Şimdilerde Trabzon’da yaşayan nükleer tıpçı İzzet Hacıömeroğlu, Ankara’da yaşayan ve sonradan bizim Derebucak’tan Hüseyin Akbaş’ın kayınbiraderi olan çocukçu Halil İbrahim Yakut, Çeçen milliyetçisi Yakup Temel, Baltalimanı Hastanesinin başhekimi ortopedist Mehmet Akif Kaygusuz, Adanalı rahmetli Ahmet Yenen, burada kalıp da hatırlayabildiklerim. Altıncıyı bir türlü hatırlayamadım nedense. Evde hayat sabah namazıyla başlıyordu. Namazdan sonra İzzet abi tecvid üzere sure okutuyordu ki, ben maalesef bu günler boyunca euzü sesini bile çıkaramadığım için sübhaneke’den ileri geçemedim. Dersten sonra kahvaltı oluyordu. Zeytin, peynir ve menemen, nerdeyse değişmez menüydü. Tabi ki yanlarında da çay. Yer sofrası niyetine tam katlanmaktan üzerindeki boyaları çizgi çizgi kırılıp dökülmüş, kahverengi desenli dikdörtgen bir muşamba parçasının etrafına toplaşıp hızla yiyorduk. Sonra herkes okula gidiyordu. Ben de, birinci sınıfta gördüğümüz FKB dersleri Siyasal Bilimler Fakültesinin kullandığı binanın üst katındaki Nurettin Berkol amfisinde yapıldığı için üniversitenin Beyazıt’taki yapıldığı yıllarda Osmanlının Erkan-ı Harbiye’si olan merkez binasına gidiyordum. Öğle yemeğini hemen bizim amfinin bitişiğindeki üniversite yemekhanesinden kapıda çok ucuza aldığımız üniyek jetonlarıyla yiyorduk, sınıf arkadaşlarıyla beraber. Burada sık çıkan spagettiyi kaşıkla mı çatalla mı yiyeceğimi bilememiştim de Metin Erkaya’nın tanıştırdığı sınıf arkadaşım Hakan’ı izleyerek öğrenmiştim. Akşam yemeğiyse evde ve yine kahvaltı minvalindeydi. Yemekten sonra ders çalışmayanlar kendi aralarında veya varsa misafirlerle beraber sohbet ediyorlardı. Misafir hiç eksik olmuyordu. Turan Aslan, Bestami Özsoy, Erhan Sarışın, Cengiz (Selman) Çınar, Kürşat Türkdoğan, Abdullah Terzi, Yusuf Bosnalı abileri buradaki misafirliklerinde tanıdım. Bizim sınıftan İrfan Güner ve hem sınıftan hem Beyşehir’den arkadaşım Mehmet Bahadır Güven de sık gelenlerdendi.

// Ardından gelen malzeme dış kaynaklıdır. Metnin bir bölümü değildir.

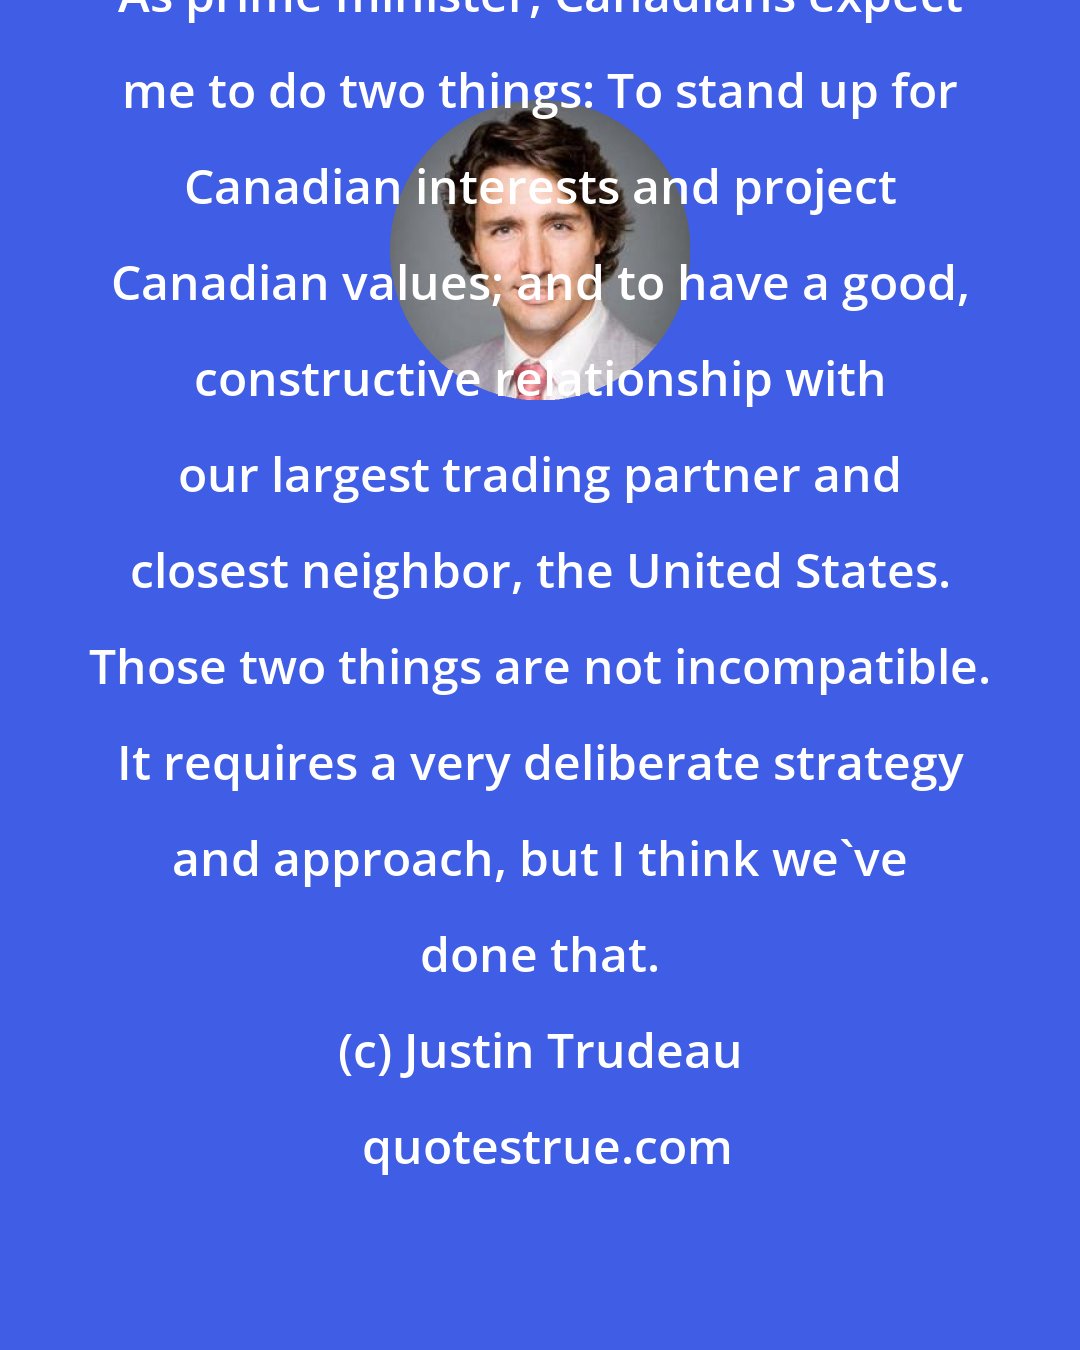 Justin Trudeau: As prime minister, Canadians expect me to do two things: To stand up for Canadian interests and project Canadian values; and to have a good, constructive relationship with our largest trading partner and closest neighbor, the United States. Those two things are not incompatible. It requires a very deliberate strategy and approach, but I think we've done that.

Bu sürede kimse benden para istemedi. Ben de para vermeyi hiç düşünemedim. Belki de düşünmemek işime geldi. Yedim, içtim ve yattım. Sonradan öğrendiğim kadarıyla masrafların tamamını da ev sakinleri karşılıyordu. İnşallah bunları okurlar da haklarını helal ederler. Yoksa ahirette hesaplaşmak çok zor olur bana.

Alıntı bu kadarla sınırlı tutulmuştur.